Если мне трудно было поверить, что Альбертина, жив­шая во мне полной жизнью (ощущавшая на себе двойную упряжь – упряжь настоящего и упряжь минувшего), мер­тва, то, пожалуй, странно было подозревать ее в грехах, на которые сегодня она, лишенная плоти, – а она так любила плоть! – и души, быть может, прежде мечтавшая согрешить, уже не способна и за них не отвечает, и эта бессмысленность подозрений причиняла мне такую боль, которую я благословил бы, если бы увидел в ней преиму­щество духовной реальности материально не существую­щей личности перед отсветом впечатлений, какие она прежде на меня производила, – перед отсветом, который должен был угаснуть волей судьбы. Поскольку женщина уже не испытывала наслаждения с другими, то она была бессильна возбуждать во мне ревность, если только мое нежное чувство к ней нынче же и прошло бы. Но вот это-то как раз и было недостижимо, потому что Альбертина тот же час обрела свое воплощение в воспоминаниях, в кото­рых она жила. Если мне стоило только подумать о ней – и она оживала, то ее измены не могли быть изменами мертвой, потому что мгновение, когда измена совершалась, становилось мгновением настоящим – и не только для Альбертины, но и для того из неожиданно всплывших в памяти моих «я», которое ею любовалось. Таким образом, ни одна хронологическая неточность не разлучила бы неразлучную пару, ибо к каждой новой виноватой тотчас подбирался бы жалующийся ревнивец – и всегда в одно и то же время. В последние месяцы я держал Альбертину взаперти у себя дома. Но в моем теперешнем воображении Альбертина была свободна: она дурно пользовалась свобо­дой, она продавалась то одному, то другому. Когда-то я часто думал о неясном будущем, развертывавшемся перед нами, пытался что-нибудь в нем прочесть. И теперь то, что находилось впереди меня как двойное будущее (такое же тревожащее, как и будущее единичное, потому что оно было такое же смутное, такое же трудное для понимания, такое же таинственное, даже еще более жестокое, потому что я был лишен возможности или же иллюзии, как в будущем единичном, воздействия на него, а еще потому, что двойное будущее продолжится столько же, сколько моя, жизнь, а моей подружки не будет рядом со мной, и меня, страдавшего из-за нее, некому будет утешить), – это уже не Будущее Альбертины, а ее Прошлое. Ее Прошлое? Это не совсем точно сказано, потому что для ревности не существует ни прошлого, ни будущего, а то, что ревность воображает, всегда является Настоящим.

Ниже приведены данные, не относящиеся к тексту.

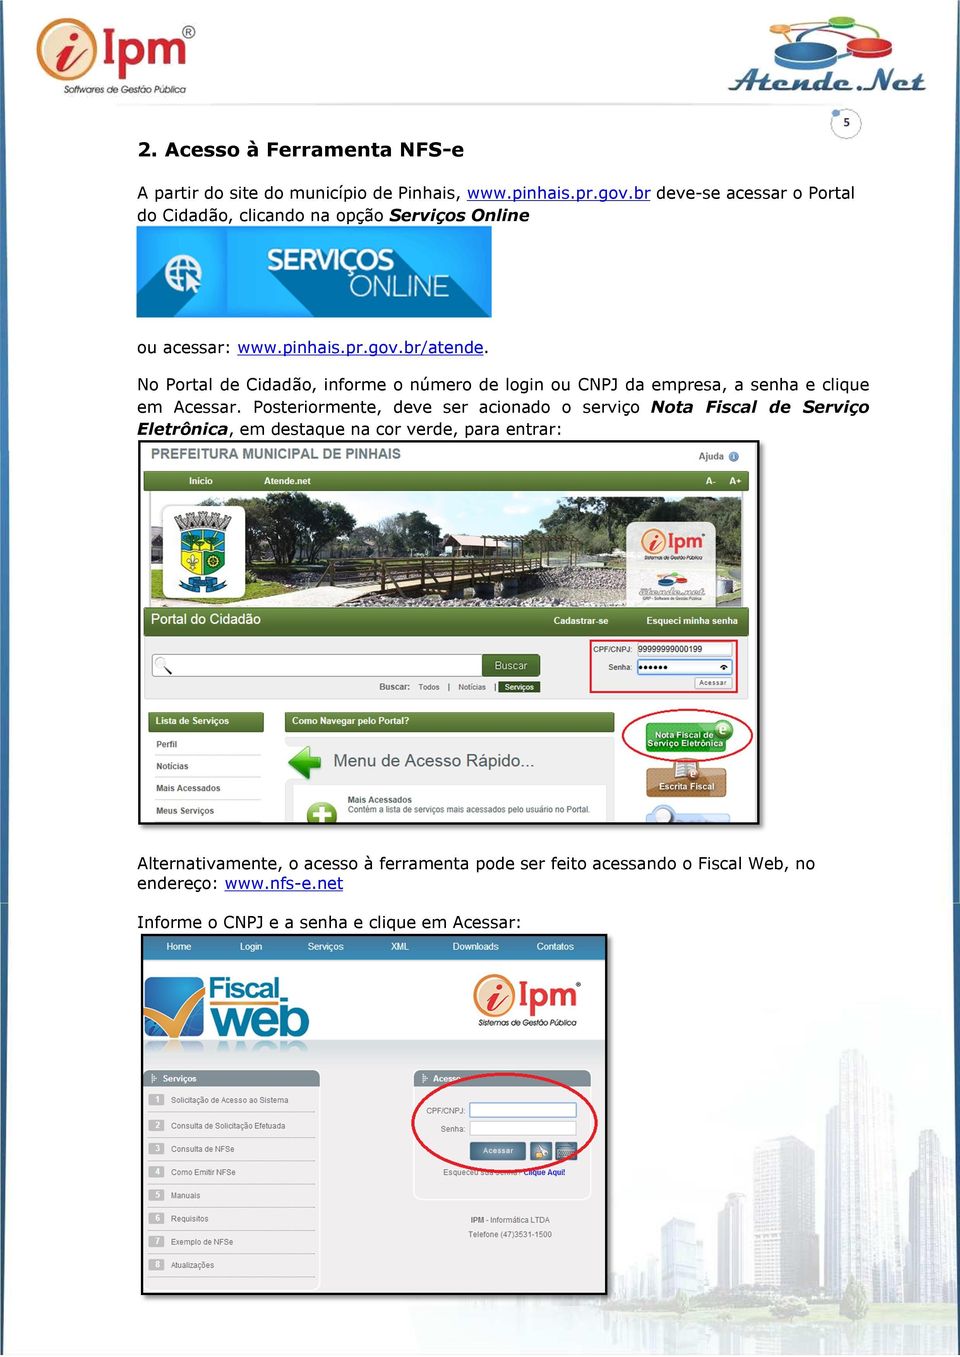 No Portal de Cidadão, informe o número de login ou CNPJ da empresa, a senha e clique em Acessar.

Изменения в атмосфере производят изменения в чело­веке, пробуждают забытое «я», вступают в борьбу с успокоительностью привычки, придают яркость тем или иным воспоминаниям, усиливают страдания. Могло ли быть для меня что-нибудь важнее того, что наступившая погода на­поминала мне, например, ту, при которой Альбертина в Бальбеке под частым дождем Бог знает зачем отправлялась на далекие прогулки в обтягивавшем ее фигуру плаще? Если б она была жива, то в такую же точно погоду она, конечно, пошла бы в Турень на столь же продолжительную прогулку. Раз она была лишена этой возможности, то я не должен был бы страдать при этой мысли, но, как у ампу­тированных, малейшее изменение погоды возобновляло боль в несуществующей части тела.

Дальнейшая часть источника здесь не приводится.